Singapore Airlines (SIA) plans to cut 17 aircraft from its fleet in the coming fiscal year and the airline's management met with unions today to warn that this will result in some redundant resources.
"We will only contemplate retrenchment as a last resort but we do not have the luxury of time and we need to agree and act on some measures quickly so that we can push back the point of retrenchment as soon as possible and improve our chances of avoiding it altogether," SIA says in a statement today.
It says management met with three employee unions today to discuss measures such as voluntary retirement, shorter work months, accelerated clearance of leave and leave without pay.
"If there are to be cuts in salary, the management will be the first to take them," it adds.
SIA says the market is shrinking and it has to cut capacity but as a consequence there will be redundant resources.
The falling demand for travel is reflected in forward bookings, it adds.
SIA says in the April 2009 to March 2010 fiscal year it will cut capacity by 11%. It previously said it expected growth of 1%.
It also says during the fiscal year 17 aircraft will be "decommissioned" whereas before the economic downturn it was planning to remove four aircraft from service.

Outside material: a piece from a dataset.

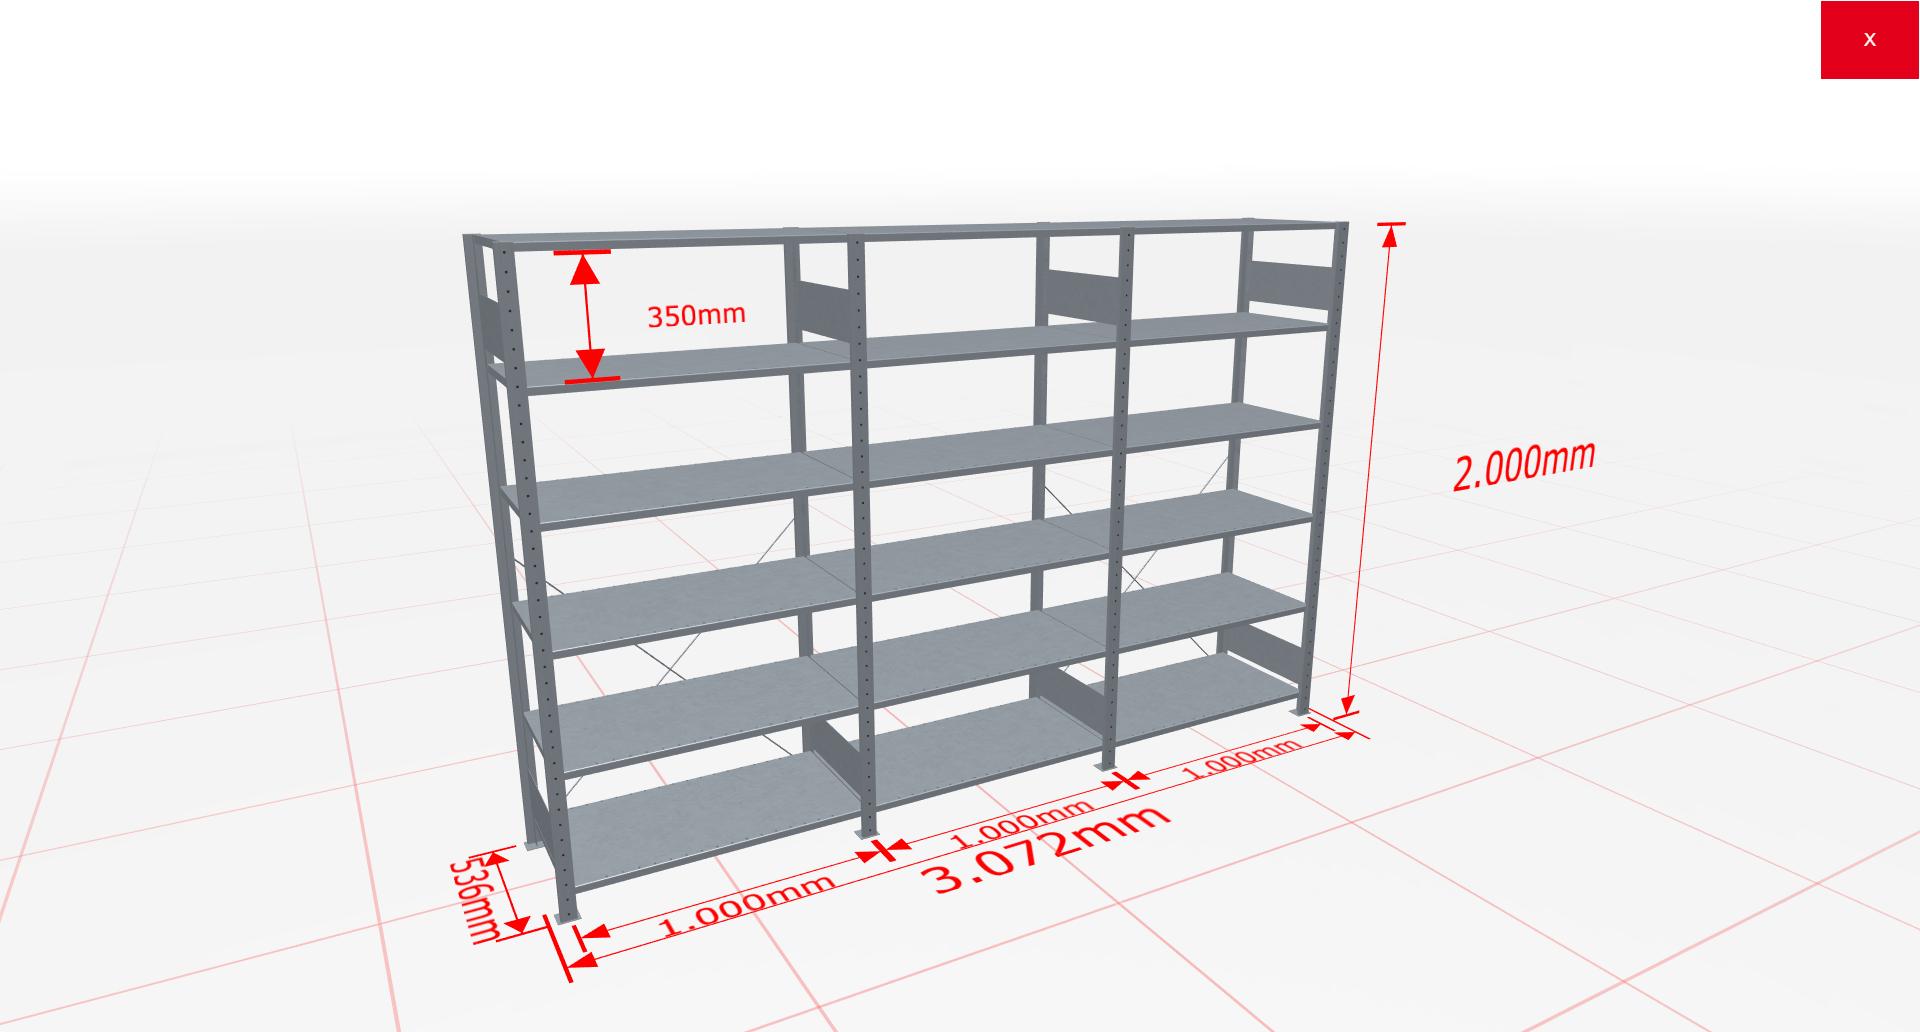 Fachbodenregal Komplettregal 2000x3072x500 mm (HxBxT) SCHULTE Lagertechnik verzinkt 6 Ebenen  150 kg je Boden

An SIA spokesman was unable to say which aircraft will be decommissioned. But SIA has said previously that it will be the Boeing 747-400s and older Boeing 777s that will leave the fleet first.
CEO Chew Choon Seng says in today's statement: "We have to face the reality that 2009 is going to be a difficult year."
He adds: "We have to act decisively to address the situation" and are determined to have capacity that will "enable the airline to be viable in a shrinking market".